The primary study evaluated 48 decontamination treatments to assess their ability to inactivate the MS2 bacteriophage, which is the viral surrogate selected for the study. The results show that the two-stage decontamination treatments increased log10 reduction of the MS2 phage. Log10 reduction increased an average of 247% and 118% for the non-grimed and grimed coupons, respectively, when comparing the automated wash with and without ClO2 rinse across all locations and material types. The average log10 reduction increased from 0.94 to 1.89 for the automated wash and the automated wash + ClO2 rinse, respectively, for the grimed coupons, across all coupon locations and materials. The average log10 reduction increased from 1.23 to 2.17 for the automated wash without ClO2 and the automated wash + ClO2 rinse, respectively, for the non-grimed coupons, across all coupon locations and materials. These results show that combining the ClO2 disinfectant rinse with the automated power wash increased viral efficacy by an average of one log (grimed coupons). Evaluation of the two-stage tuck decontamination system confirms that combining a power wash with a disinfectant rinse increases the ability of the system to sanitize transport trucks and increase farm biosecurity.
References
Meyerson LA, Reaser JK. Biosecurity: Moving toward a Comprehensive Approach: A comprehensive approach to biosecurity is necessary to minimize the risk of harm caused by non-native organisms to agriculture, the economy, the environment, and human health. BioScience 2002; 52(7): 593-600. http://www.jstor.org/stable/10.1641/0006-3568%282002%29052%5B0593%3ABMTACA%5D2.0.CO%3B2?origin=JSTOR-pdf
Waage JK, Mumford JD. Agricultural biosecurity. Philosophical Transactions of the Royal Society B: Biol Sci. 2008; 363(1492): 863-76. https://dx.doi.org/10.1098%2Frstb.2007.2188
Hinchliffe S, Allen J, Lavau S, Bingham N, Carter S. Biosecurity and the topologies of infected life: from borderlines to borderlands. Transactions of the Institute of British Geographers. 2013; 38(4): 531-43.

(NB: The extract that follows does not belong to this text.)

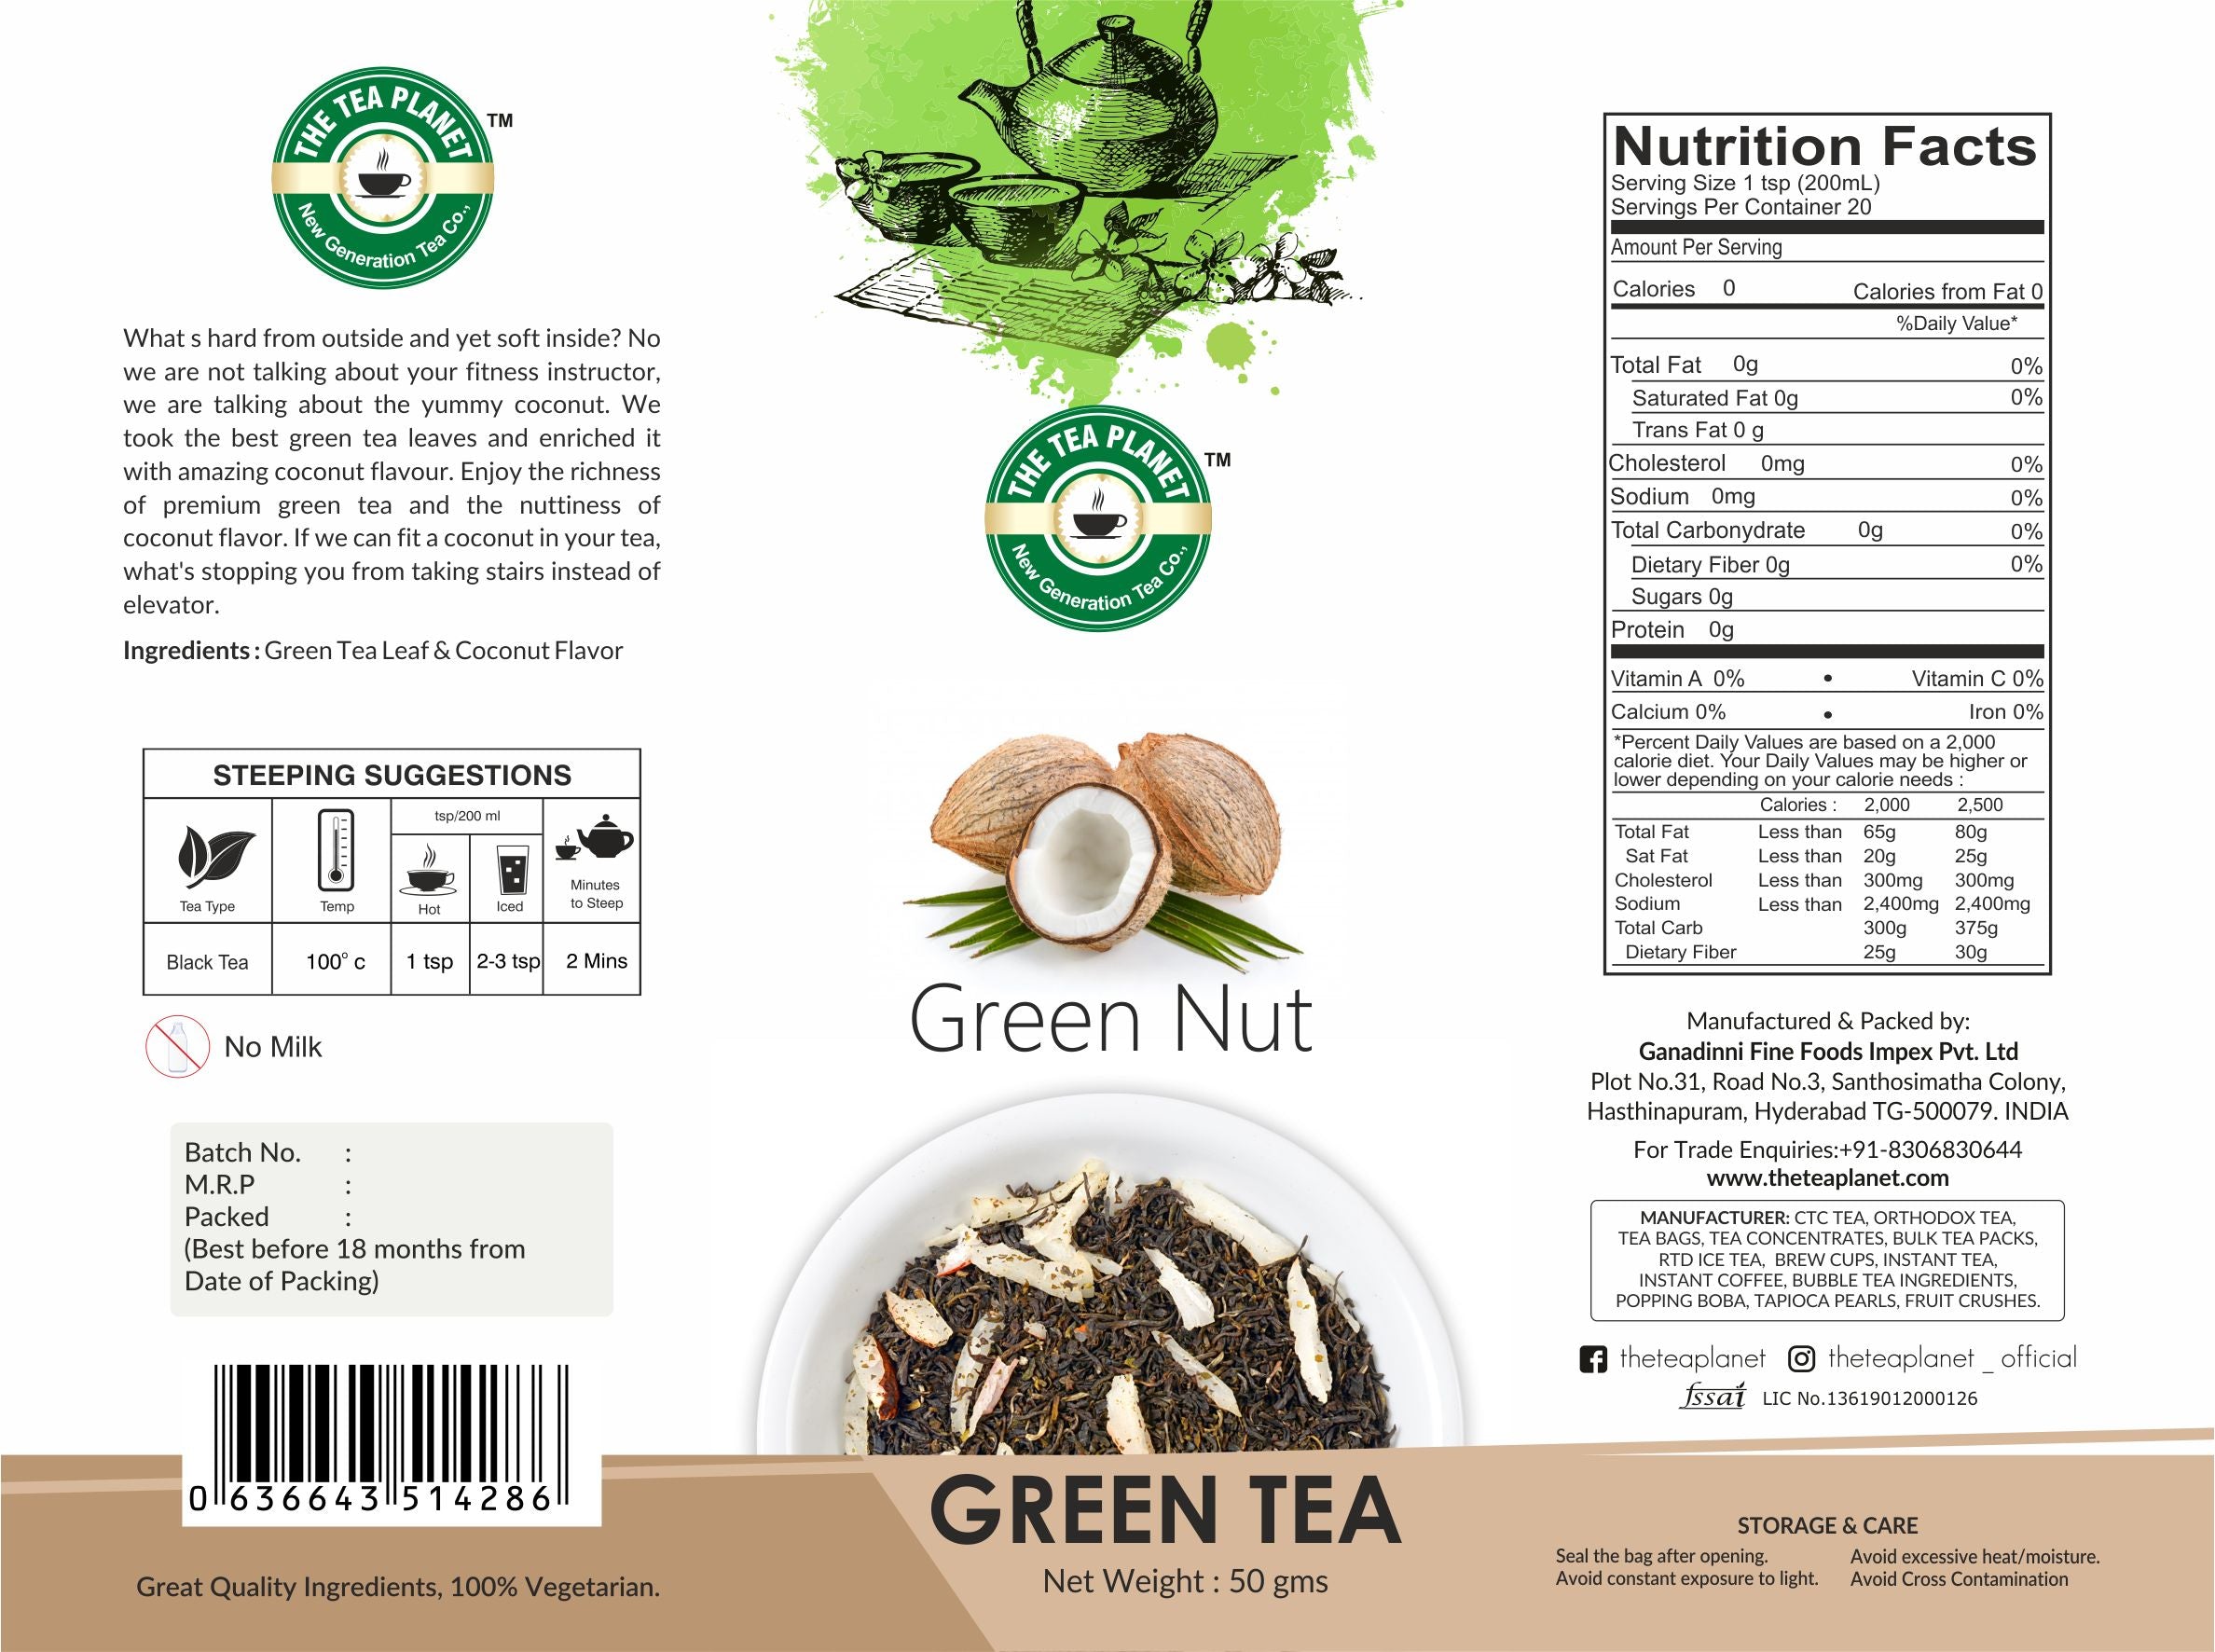 Green Nut Orthodox Tea - 50 gms

Layman M, Ramsey C, Freebury P, Newman D, Newman S. Two Stage Decontamination of Agricultural Equipment Using Power Washing Followed by Disinfectant Treatments. Glob J Agricul Innov Res Develop 2018; 5: 38-45. https://doi.org/10.15377/2409-9813.2018.05.4
Layman M, Ramsey C, Freebury P, Newman D, Newman S. Decontamination using Chlorine Dioxide Disinfectant with Adjuvants Versus Hydrogen-Peroxide and Pentapotassium Disinfectants on Farm Equipment. Glob J Agricul Innov Res Develop 2018; 5: 29-37. https://doi.org/10.15377/2409-9813.2018.05.5
Layman M, Ramsey C, Newman S. Equipment Decontamination with a Mobile Power Washer Followed by Disinfectant Applications. Glob J Agricul Innov Res Develop 2020; 7: 20-25. https://doi.org/10.15377/2409-9813.2020.07.3
Layman M, Ramsey C, Burton K, Newman S. Evaluation of a Mobile Two-Stage Decontamination System using a Power Washer Combined with Eight Disinfectant Treatments. Glob J Agricul Innov Res Develop 2020; 7: 26-33. https://doi.org/10.15377/2409-9813.2020.07.4
Guan J, Chan M, Brooks BW, Rohonczy E, Miller LP. Vehicle and Equipment Decontamination During Outbreaks of Notifiable Animal Diseases in Cold Weather. Applied Biosafety: J ABSA Int. 2017; 3: 114-122. https://doi.org/10.1177/1535676017719846
Alphin R, Ciaverelli C, Hougentogler D, Johnson K, Rankin M, Benson E. Postoutbreak disinfection of mobile equipment. Avian Diseases 2010; 54: 772-776. https://www.jstor.org/stable/40601157
Dee S, Deen J, Burns D, Douthit G, Pijoan C. An evaluation of disinfectants for the sanitation of porcine reproductive and respiratory syndrome virus-contaminated transport vehicles at cold temperatures. Canadian J Vet Res. 2004; 68: 208-214.
Shin GA, Sobsey M. Reduction of Norwalk Virus, Poliovirus 1, and Bacteriophage MS2 by Ozone Disinfection of Water. Appl Environ Microbiol. 2003; 69(7): 3975-3978.
Hosseini SRS, Dovon MRE, Yavarmanesh M, Abbaszadegan M. Thermal inactivation of MS2 bacteriophage as a surrogate of enteric viruses in cow milk. J Consum Prot Food Saf. 2017; 12(4): 341-347.
Sella SR, Vandenberghe LP, Soccol CR. Bacillus atrophaeus: main characteristics and biotechnological applications–a review. Critical Reviews Biotech. 2015; 35(4): 533-45.
Oie S, Obayashi A, Yamasaki H, Furukawa H, Kenri T, Takahashi M, Kawamoto K, Makino SI. Disinfection methods for spores of Bacillus atrophaeus, B. anthracis, Clostridium tetani, C. botulinum and C. difficile. Biol Pharma Bull. 2011; 34(8): 1325-9.
Kirk E. Bacillus subtilis. Missouri S&T Microbiology. 2009; http://web.mst.edu/~djwesten/MoW/BIO221_2009/B_subtilis.html
Greenberg DL, Busch JD, Keim P, Wagner DM. Identifying experimental surrogates for Bacillus anthracis spores: a review. Investigative Genetics. 2010; 1(1): 4.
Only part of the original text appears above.